== THE DATA ==
*-*-*

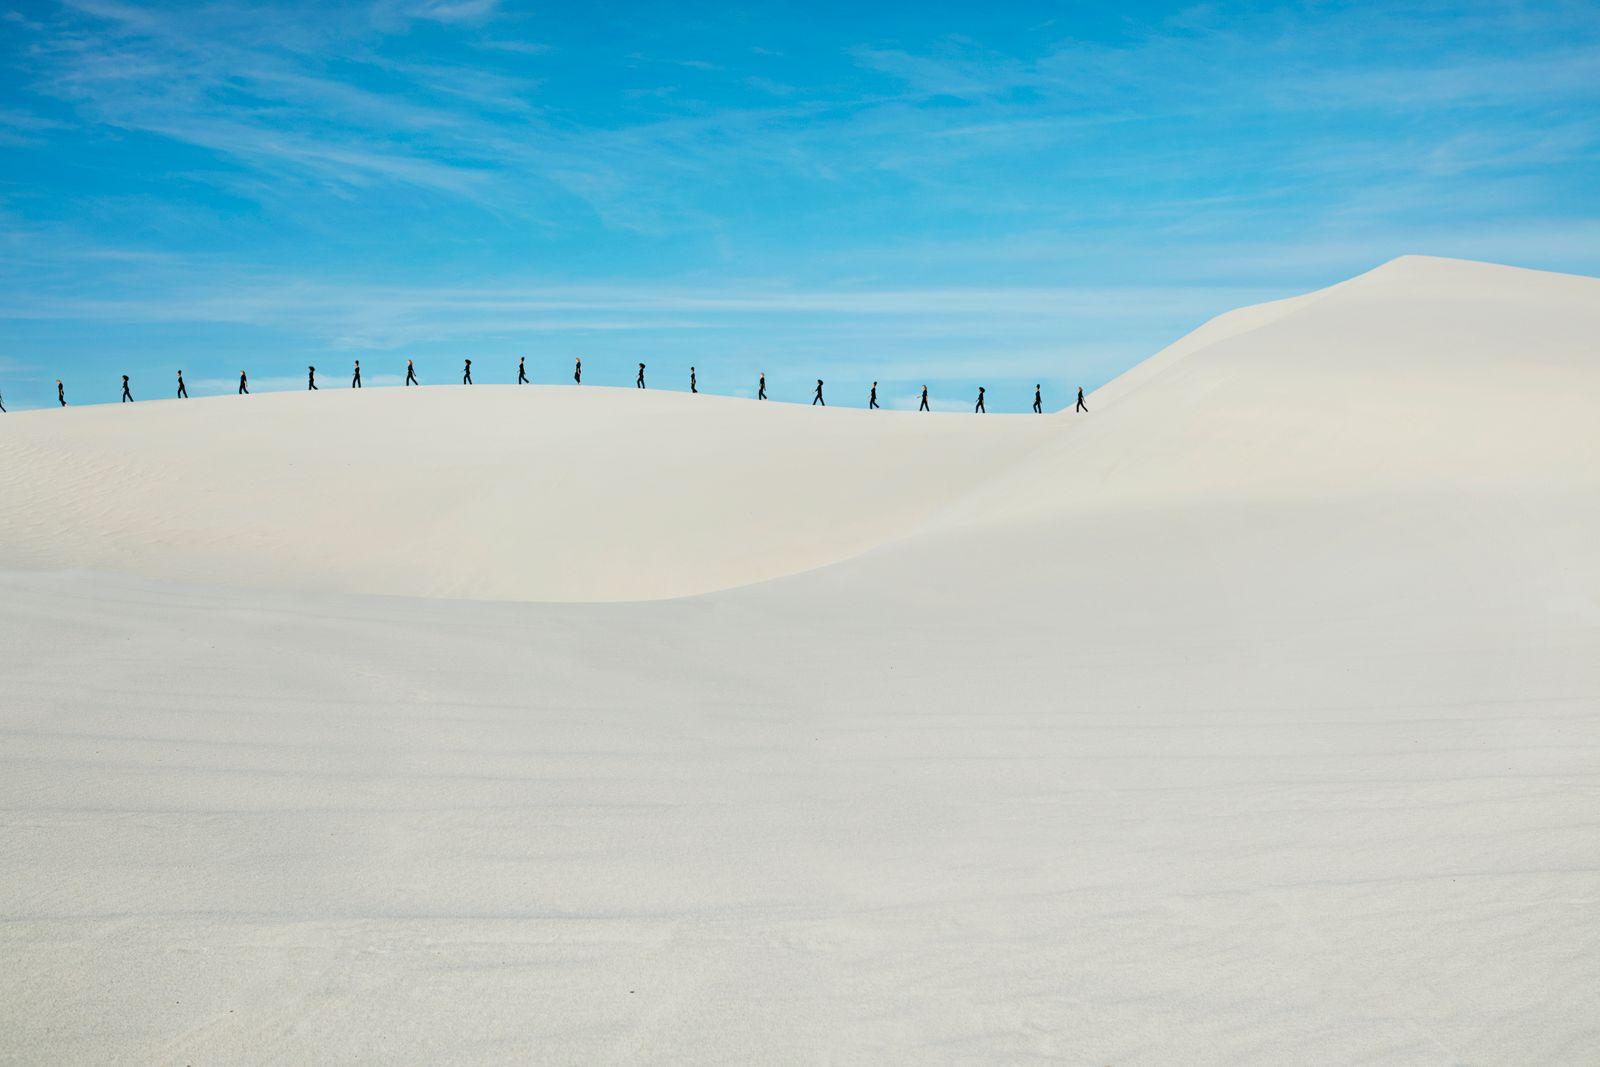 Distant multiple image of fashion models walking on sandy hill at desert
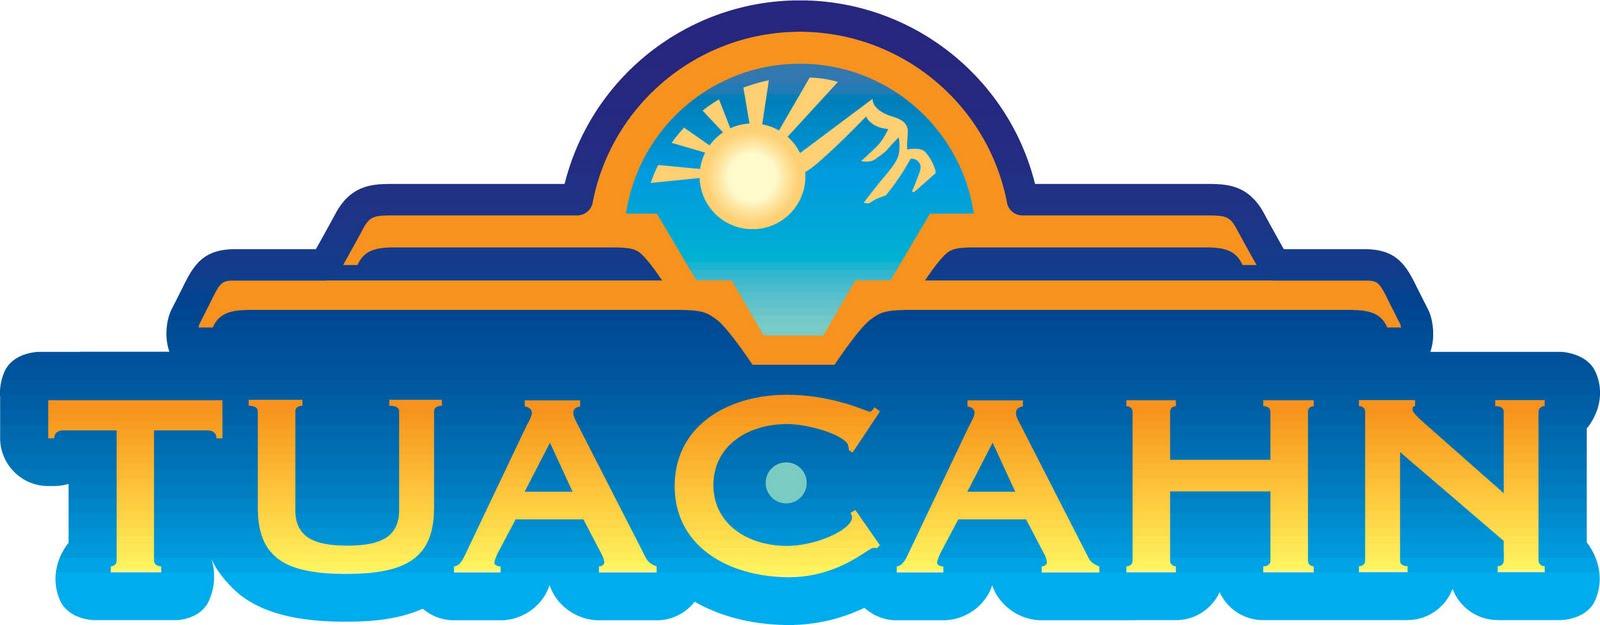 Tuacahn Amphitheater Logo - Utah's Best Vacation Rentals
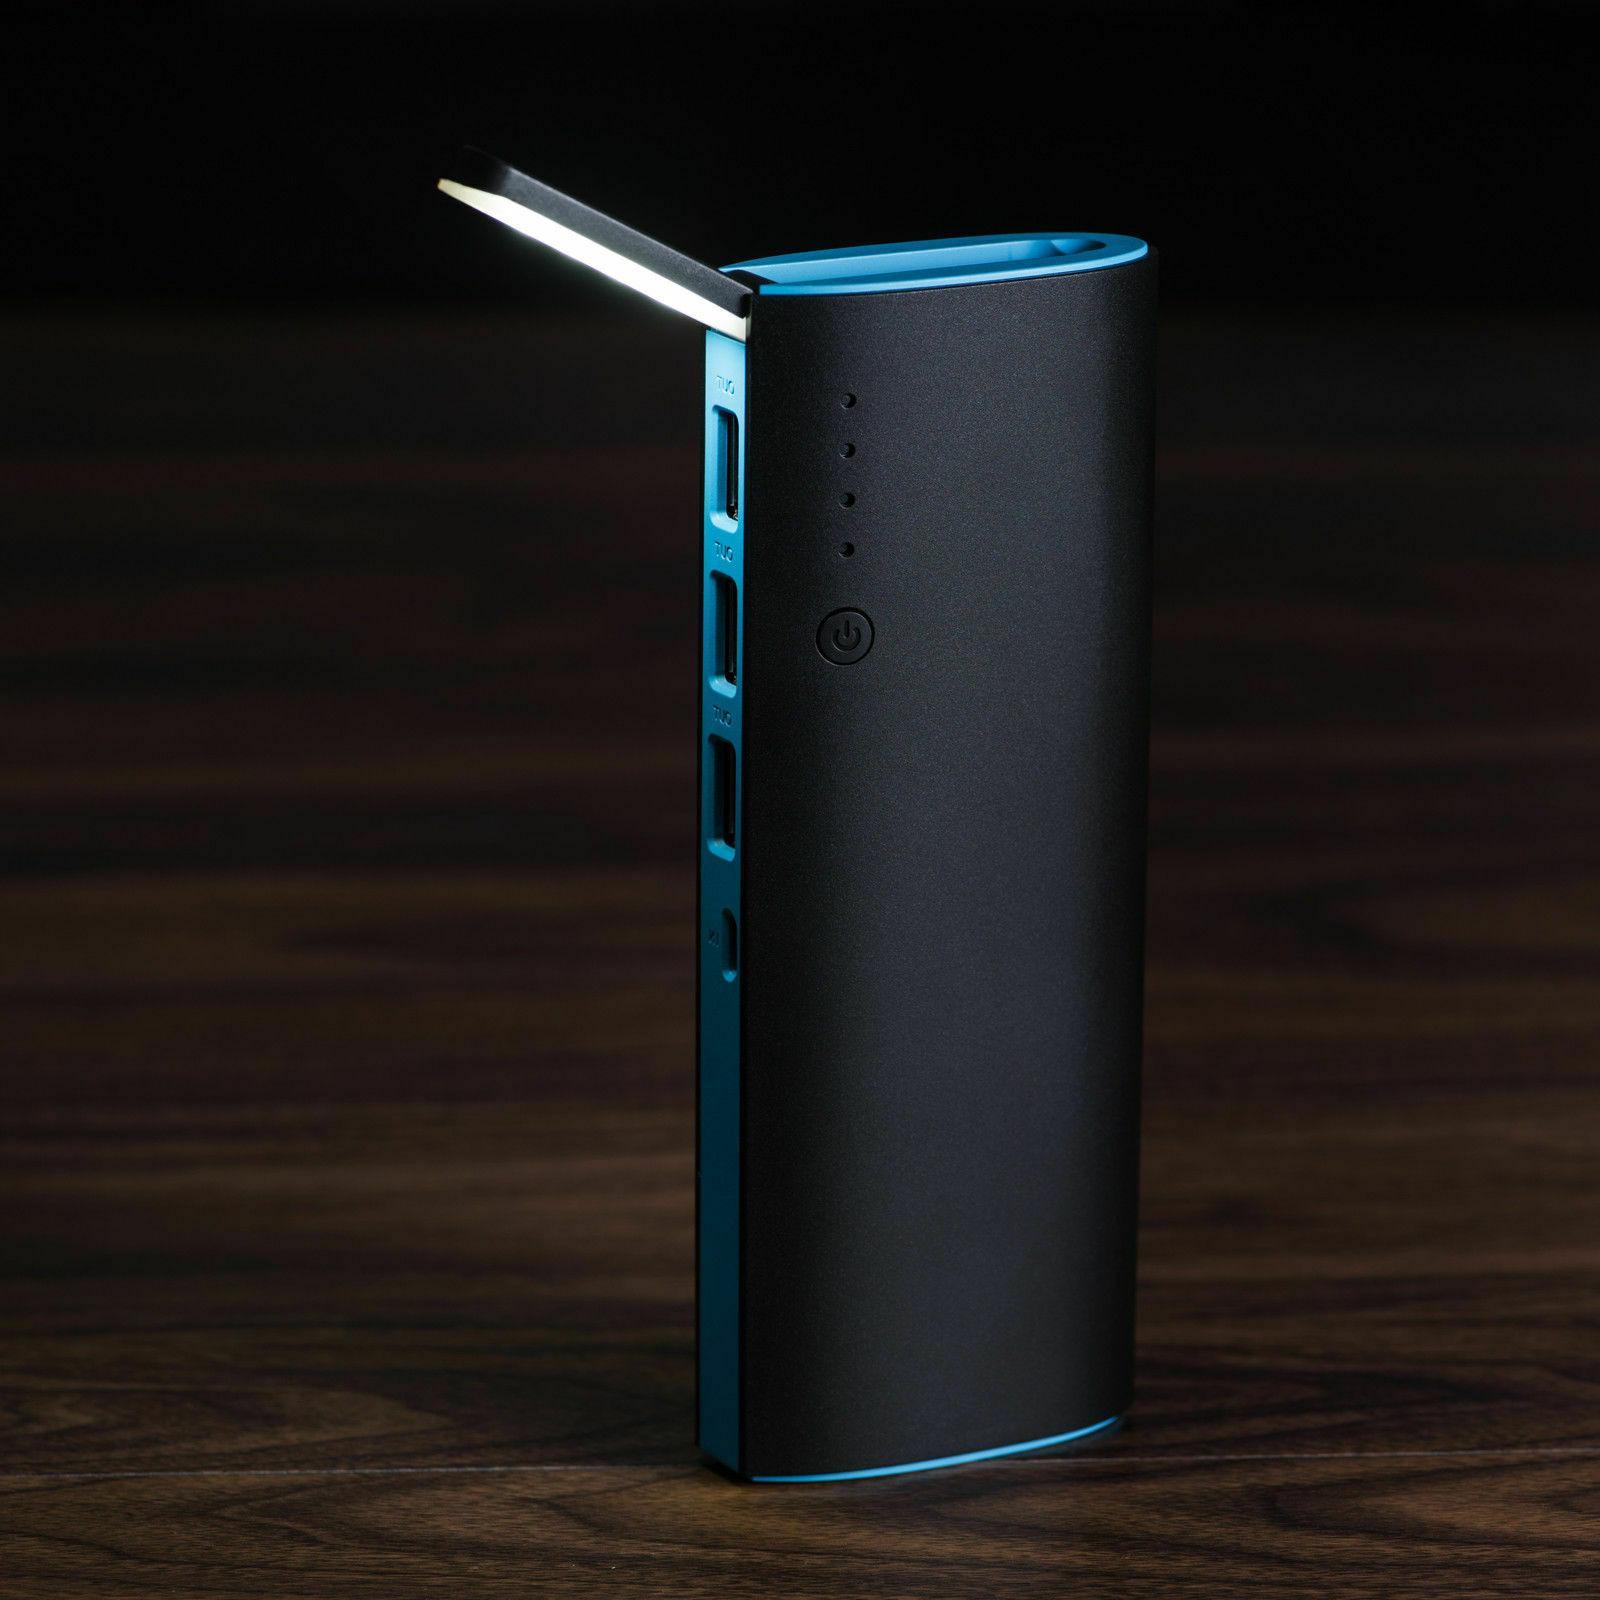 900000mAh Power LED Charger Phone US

*-*-*

== TASK DIRECTIONS ==
The expected output is the lines from the line that contains "Tuacahn Amphitheater Logo" through the last line of the material, reproduced exactly, with both ends present and pictures absent.

== EXPECTED ANSWER ==
 Tuacahn Amphitheater Logo - Utah's Best Vacation Rentals
 900000mAh Power LED Charger Phone US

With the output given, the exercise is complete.